=== Task prompt ===
Would you copy out only the lines from the one with "Wantdo heavy waterproof jacket" to the end of the records, exactly as they stand?

=== Dataset entries ===
┌────────

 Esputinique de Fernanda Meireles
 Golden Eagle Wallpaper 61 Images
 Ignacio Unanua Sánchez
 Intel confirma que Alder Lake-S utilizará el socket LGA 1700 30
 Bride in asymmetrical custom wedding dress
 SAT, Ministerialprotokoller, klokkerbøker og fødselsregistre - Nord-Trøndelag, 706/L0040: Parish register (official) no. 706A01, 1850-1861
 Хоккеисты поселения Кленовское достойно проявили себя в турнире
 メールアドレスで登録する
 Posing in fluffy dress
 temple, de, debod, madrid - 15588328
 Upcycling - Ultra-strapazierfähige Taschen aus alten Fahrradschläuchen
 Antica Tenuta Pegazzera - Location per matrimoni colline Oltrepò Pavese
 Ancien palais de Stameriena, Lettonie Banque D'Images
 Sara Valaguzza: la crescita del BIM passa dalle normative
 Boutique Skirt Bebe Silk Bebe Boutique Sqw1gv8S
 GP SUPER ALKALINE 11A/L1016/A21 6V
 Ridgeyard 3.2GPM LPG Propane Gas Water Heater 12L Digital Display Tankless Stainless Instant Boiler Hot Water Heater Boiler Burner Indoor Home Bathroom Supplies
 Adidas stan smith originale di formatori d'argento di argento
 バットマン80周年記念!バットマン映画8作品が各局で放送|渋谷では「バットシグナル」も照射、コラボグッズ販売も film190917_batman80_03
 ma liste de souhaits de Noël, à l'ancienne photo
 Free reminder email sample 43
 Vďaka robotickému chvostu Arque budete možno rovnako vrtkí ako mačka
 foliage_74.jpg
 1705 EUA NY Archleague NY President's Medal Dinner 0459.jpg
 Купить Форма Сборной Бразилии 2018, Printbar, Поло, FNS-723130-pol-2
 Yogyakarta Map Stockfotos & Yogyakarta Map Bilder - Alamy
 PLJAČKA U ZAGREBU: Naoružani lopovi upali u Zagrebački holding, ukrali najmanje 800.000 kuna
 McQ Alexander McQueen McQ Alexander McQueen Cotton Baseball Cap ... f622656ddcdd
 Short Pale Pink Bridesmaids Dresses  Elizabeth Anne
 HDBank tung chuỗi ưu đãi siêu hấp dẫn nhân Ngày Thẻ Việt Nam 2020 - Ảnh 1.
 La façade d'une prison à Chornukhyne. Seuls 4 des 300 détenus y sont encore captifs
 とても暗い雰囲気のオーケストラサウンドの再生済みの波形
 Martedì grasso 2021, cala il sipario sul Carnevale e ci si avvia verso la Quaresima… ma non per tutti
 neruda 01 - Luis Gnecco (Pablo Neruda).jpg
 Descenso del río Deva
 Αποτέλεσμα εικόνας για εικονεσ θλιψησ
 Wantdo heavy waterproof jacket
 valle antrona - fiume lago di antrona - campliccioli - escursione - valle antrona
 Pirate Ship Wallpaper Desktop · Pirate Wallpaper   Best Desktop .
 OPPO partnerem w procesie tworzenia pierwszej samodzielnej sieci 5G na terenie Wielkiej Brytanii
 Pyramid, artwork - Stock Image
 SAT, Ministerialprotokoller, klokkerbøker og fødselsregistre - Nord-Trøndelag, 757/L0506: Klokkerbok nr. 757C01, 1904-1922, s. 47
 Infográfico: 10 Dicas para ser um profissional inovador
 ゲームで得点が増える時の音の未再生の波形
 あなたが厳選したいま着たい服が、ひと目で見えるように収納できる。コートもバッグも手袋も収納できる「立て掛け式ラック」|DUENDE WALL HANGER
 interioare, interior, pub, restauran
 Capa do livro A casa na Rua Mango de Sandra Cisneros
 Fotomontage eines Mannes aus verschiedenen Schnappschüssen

└────────

=== Task response ===
 Wantdo heavy waterproof jacket
 valle antrona - fiume lago di antrona - campliccioli - escursione - valle antrona
 Pirate Ship Wallpaper Desktop · Pirate Wallpaper   Best Desktop .
 OPPO partnerem w procesie tworzenia pierwszej samodzielnej sieci 5G na terenie Wielkiej Brytanii
 Pyramid, artwork - Stock Image
 SAT, Ministerialprotokoller, klokkerbøker og fødselsregistre - Nord-Trøndelag, 757/L0506: Klokkerbok nr. 757C01, 1904-1922, s. 47
 Infográfico: 10 Dicas para ser um profissional inovador
 ゲームで得点が増える時の音の未再生の波形
 あなたが厳選したいま着たい服が、ひと目で見えるように収納できる。コートもバッグも手袋も収納できる「立て掛け式ラック」|DUENDE WALL HANGER
 interioare, interior, pub, restauran
 Capa do livro A casa na Rua Mango de Sandra Cisneros
 Fotomontage eines Mannes aus verschiedenen Schnappschüssen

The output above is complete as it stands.